> _TASK OBJECTIVE_
The listing must be copied out in full and exactly; no images go with it.

> _RECORDED INFORMATION_
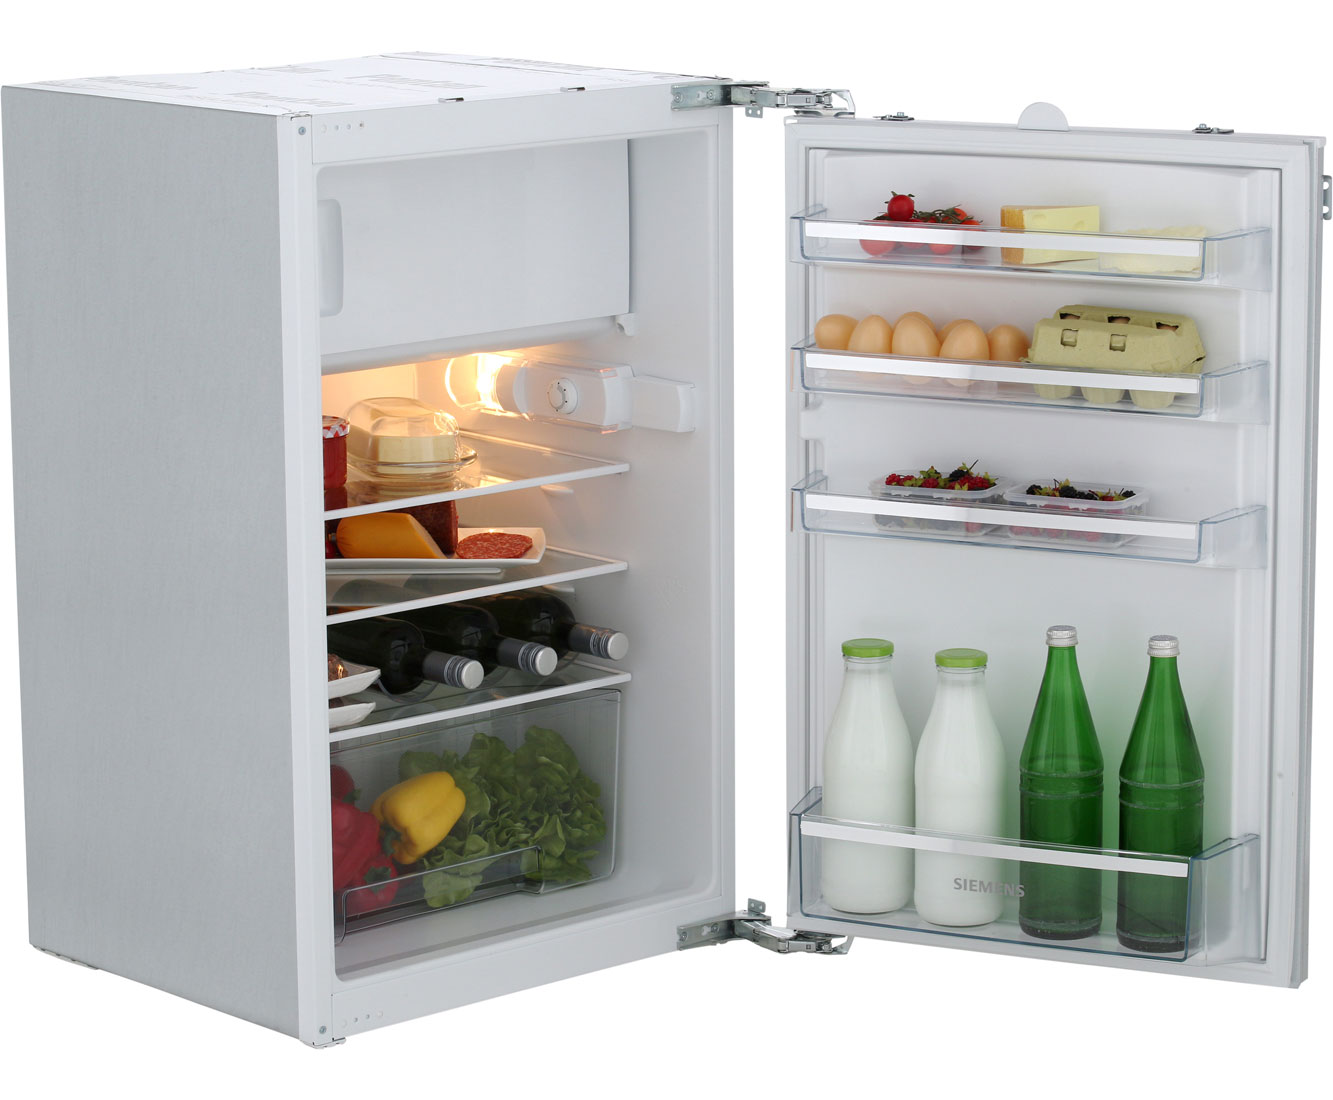 Siemens Kühlschrank Temperatur : Siemens ki lv einbau kühlschrank mit gefrierfach er nische
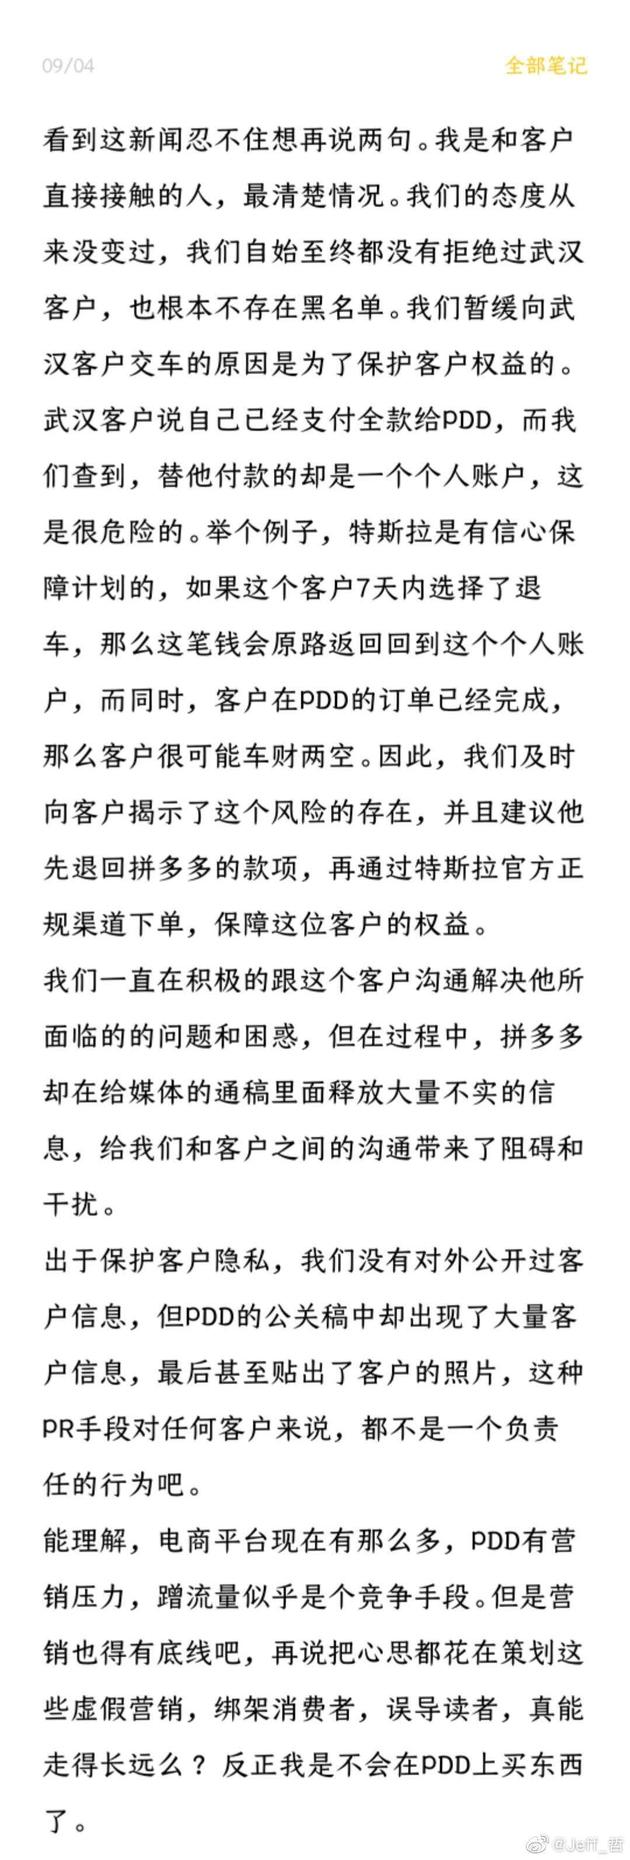 特斯拉中国员工:没有拒绝交付 只是为了保护客户权益
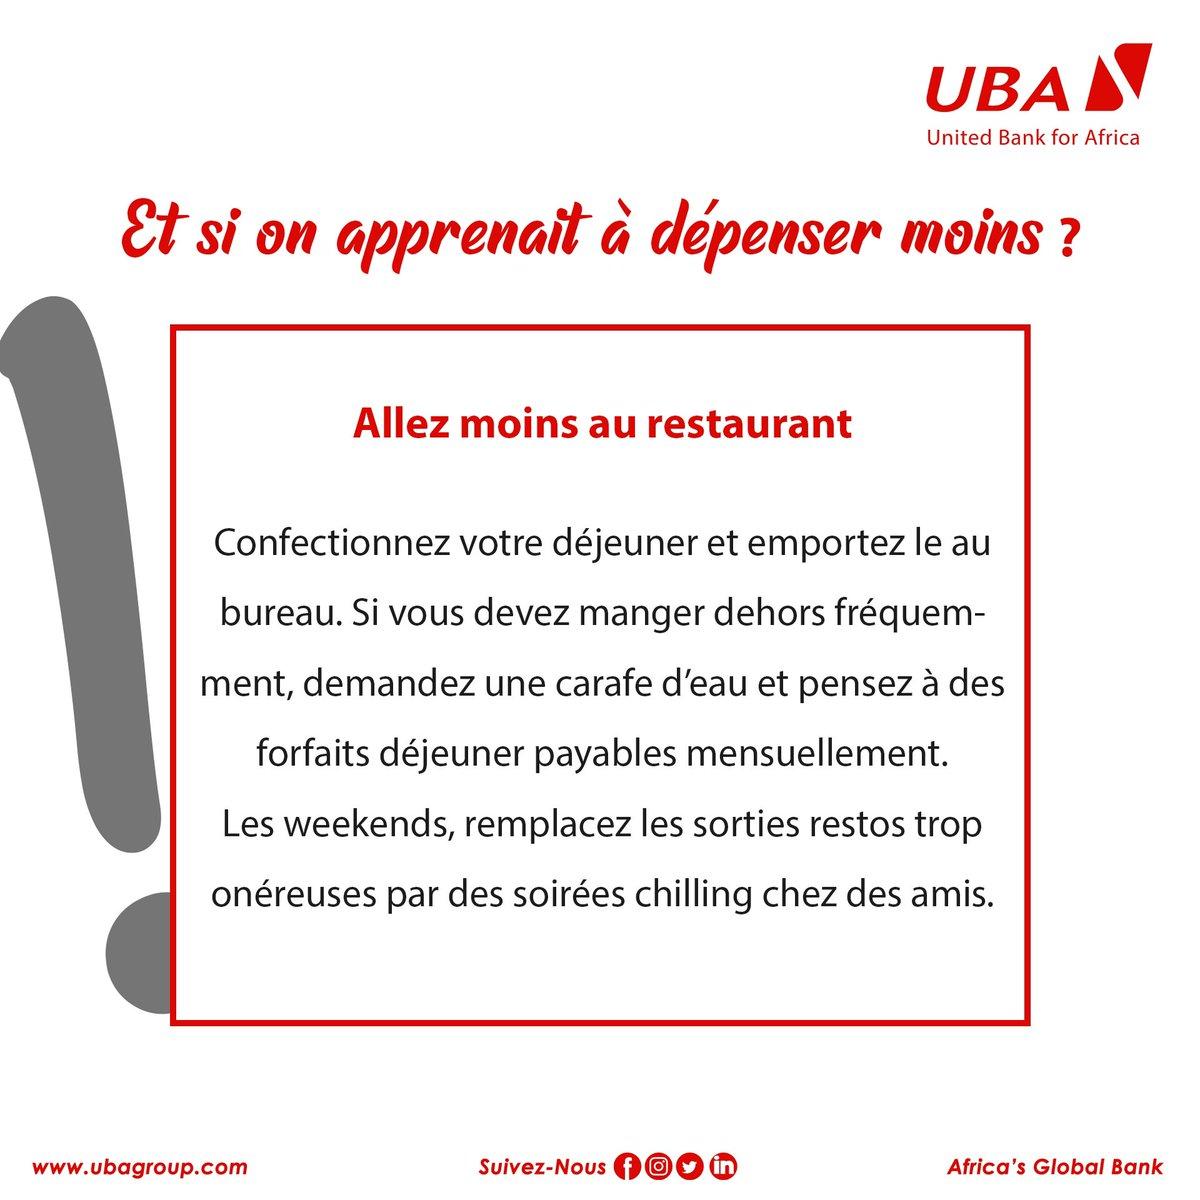 [Conseils]  C'est l'heure de la pause, tu vas payer combien pour manger ce midi ???  Astuce #4  #EducationFinanciere #IndependanceFinanciere #UBACares #AfricasGlobalBank https://t.co/tUivs4ZzB0

> _SOLUTION TO THE EXERCISE_
 Siemens Kühlschrank Temperatur : Siemens ki lv einbau kühlschrank mit gefrierfach er nische
 特斯拉中国员工:没有拒绝交付 只是为了保护客户权益
 [Conseils]  C'est l'heure de la pause, tu vas payer combien pour manger ce midi ???  Astuce #4  #EducationFinanciere #IndependanceFinanciere #UBACares #AfricasGlobalBank https://t.co/tUivs4ZzB0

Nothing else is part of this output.